I know, I know, it seems so simple, so easy to me now.

But in the midst of a hard conversation and the lack of energy to do much of anything and the tears that just keep coming...

it's hard to remember those truths and these truths...

"When anxiety was great within me, your consolation brought me joy." - Psalm 94:19

"So with you: Now is your time of grief, but I will see you again and you will rejoice, and no one will take away your joy." - John 16:22

"I have told you these things, so that in me you may have peace. In this world you will have trouble. But take heart! I have overcome the world." - John 16:33

Praise God that at this hour I may have joy! That despite what sleep brings tonight, I can wake up with the joy of knowing God and that He has provided all I need for each day. This joy and peace is something the world cannot offer.

And praise God that He has given me a very small sliver of the joy that is mine through this little child.


And I'm so glad He did!

Wednesday, December 15, 2010

A time to release

A friend said to me yesterday, "I haven't really seen you smile since like October."

She meant no disrespect...she was truly telling me how she saw it, and I appreciate her honesty.

And, yes, I think that does about sum it up.

It's been a long last couple of months.

I breathe a heavy sigh as I type that.

I remember journaling in my Sabbath notebook about a year ago that I felt so completely blessed and fulfilled. That all was "right in the world" concerning my home, children, husband, friends, and church.

Then I wrote..."but I feel something is coming...and I pray that this mountain-top time will prepare me for what's ahead."

I feel like I am now in the midst of that "time" right now.
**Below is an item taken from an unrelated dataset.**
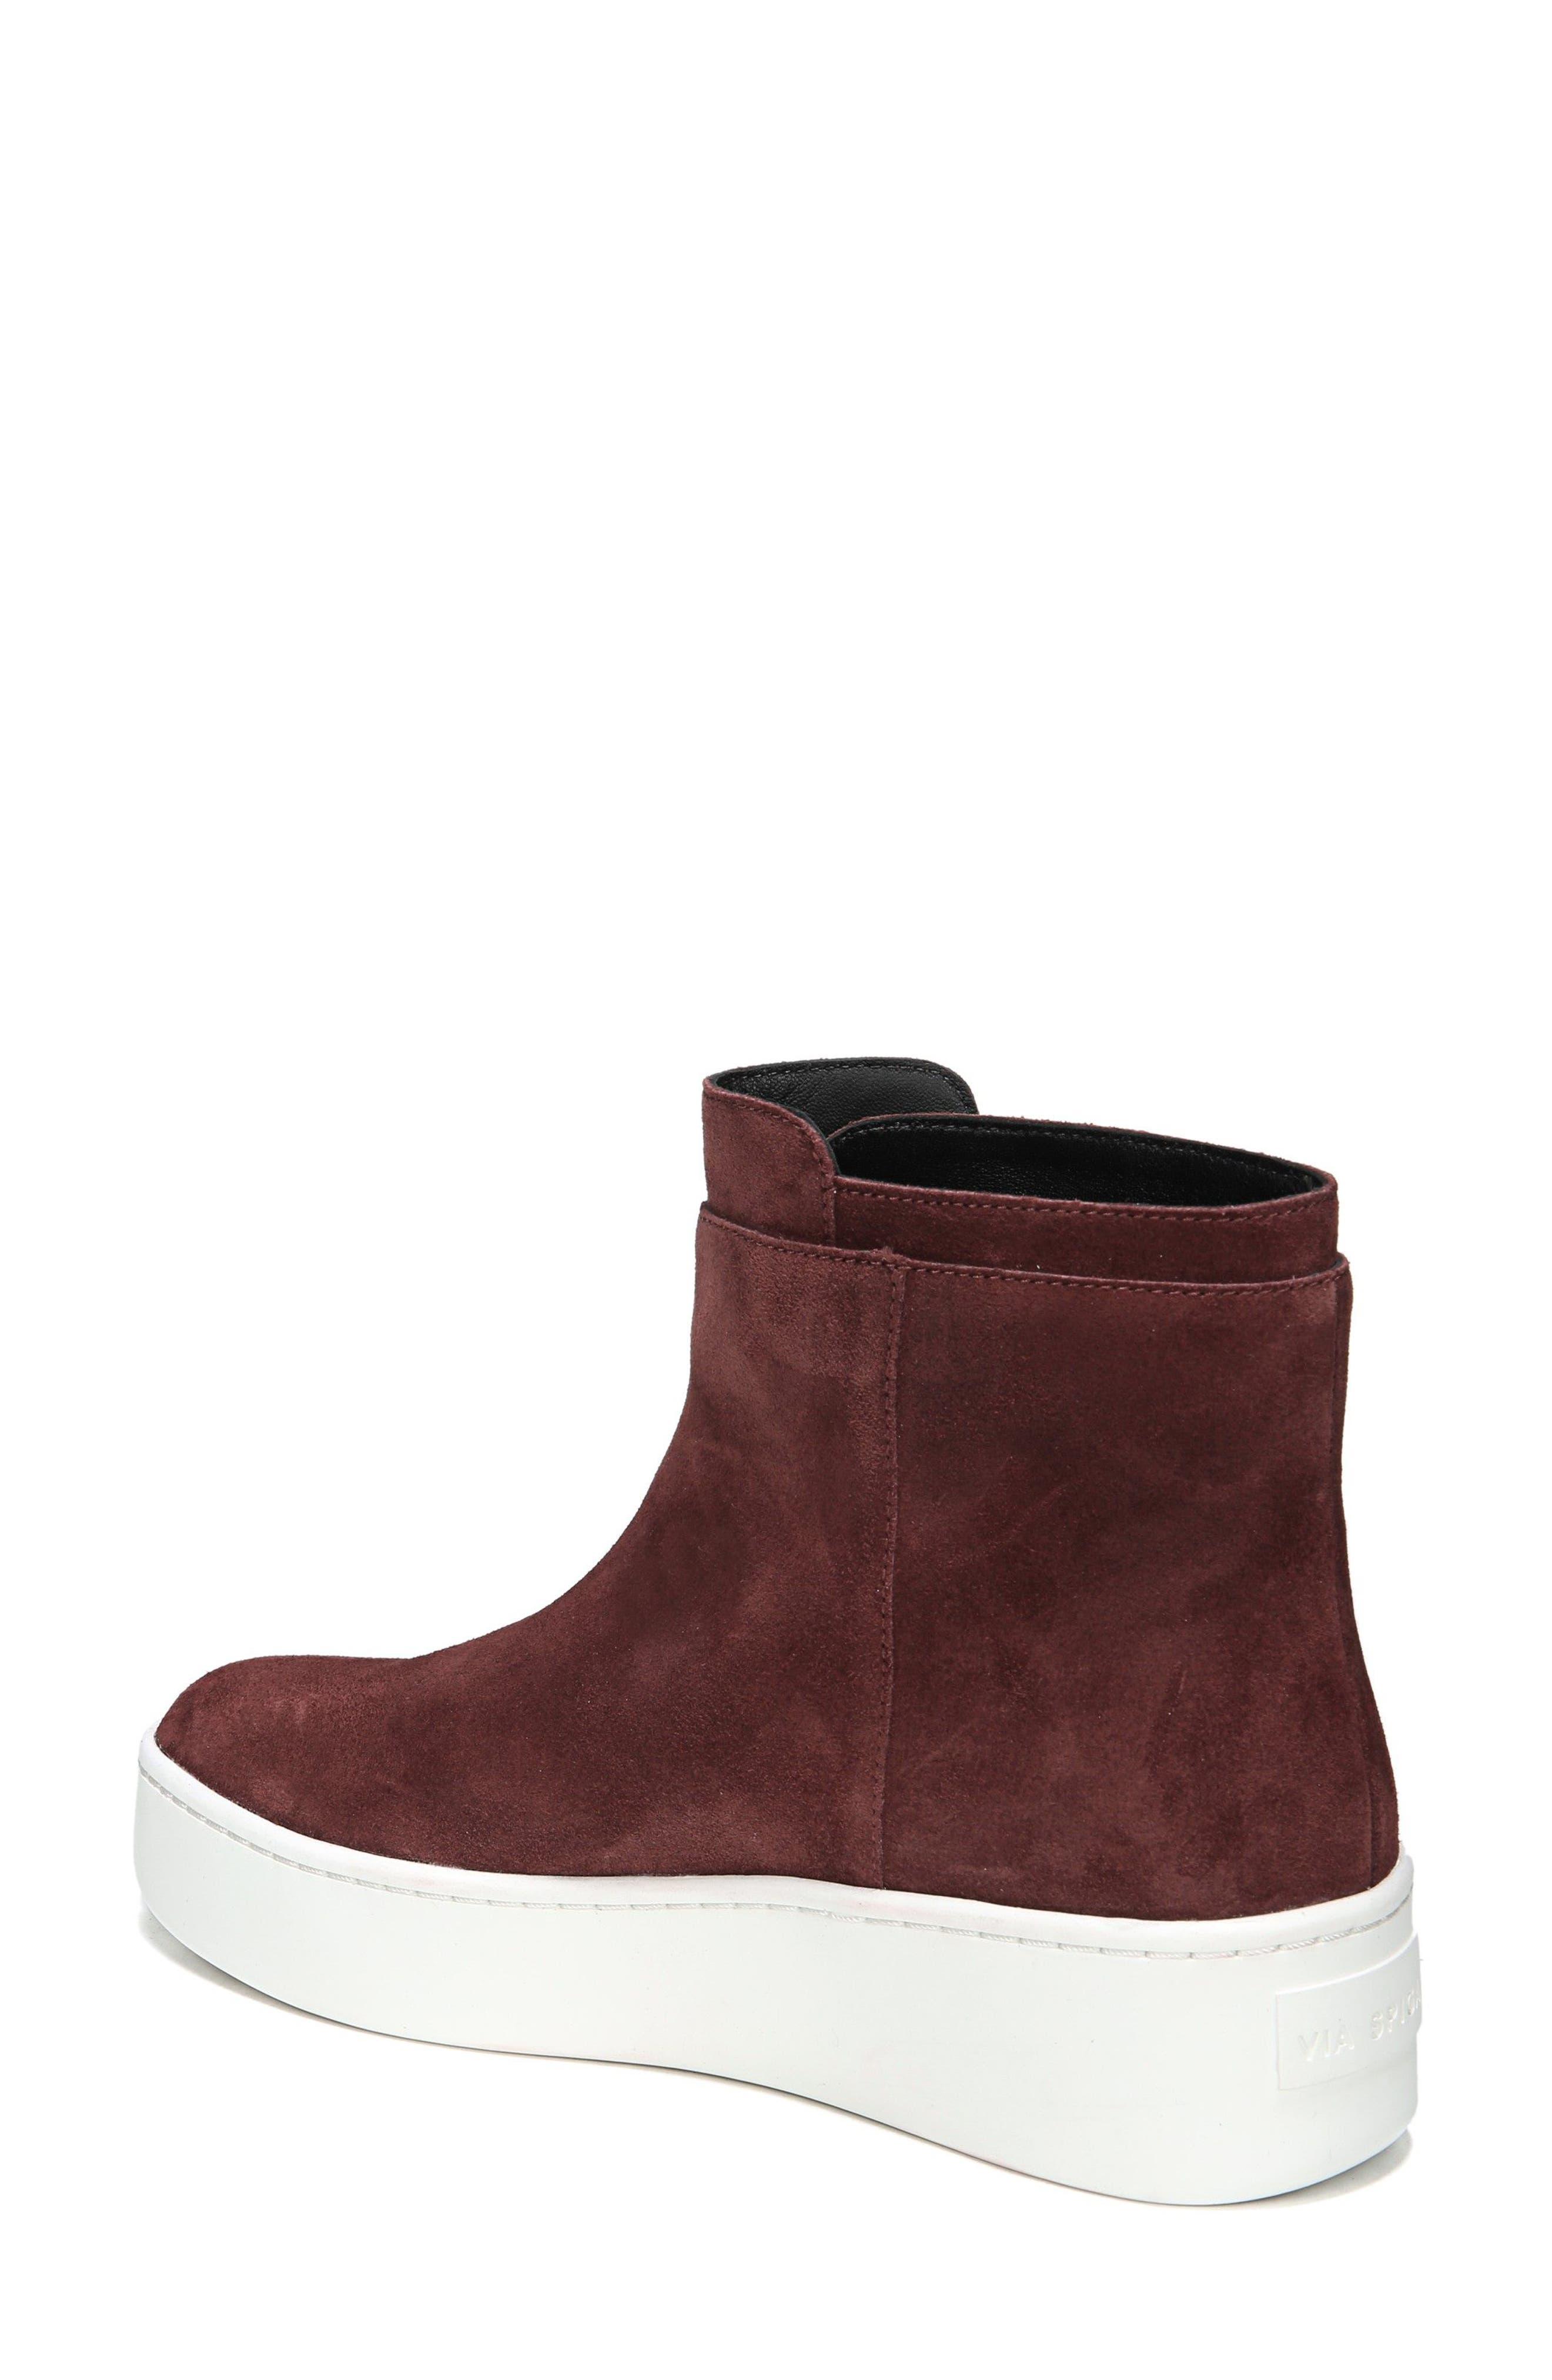 Easton High Top Sneaker,                             Alternate thumbnail 6, color,

I haven't posted anything on my blog for almost a month. I've written partial and entire posts, but eventually decided to disregard them or delete them all together. It's been hard for me to separate my emotions and what they are saying about my current life and what God's Word says about it.

Much of what I have written and not published were really "self-pity" posts. One night about 2 weeks ago, I read through a post I was just about to publish and realized how incredibly self-absorbed, whiny, and ungrateful it sounded.

It really disgusted me.

At that moment, I felt as if God was saying to stop using my blog to release my burdens...but to instead release them to Him.

So, my blog has cease to exist until I felt I was able to take all the burdens I have (and am continuing to carry around) to Him first.

I'm still working...daily...at laying my burdens at His feet. It's been a grueling road, especially these last 6 weeks, but I'm praying that as I travel through these trials, God continues to refine me, placing me in conditions where all the muck can be sifted off the top to reveal a more beautiful and clearer reflection of Himself.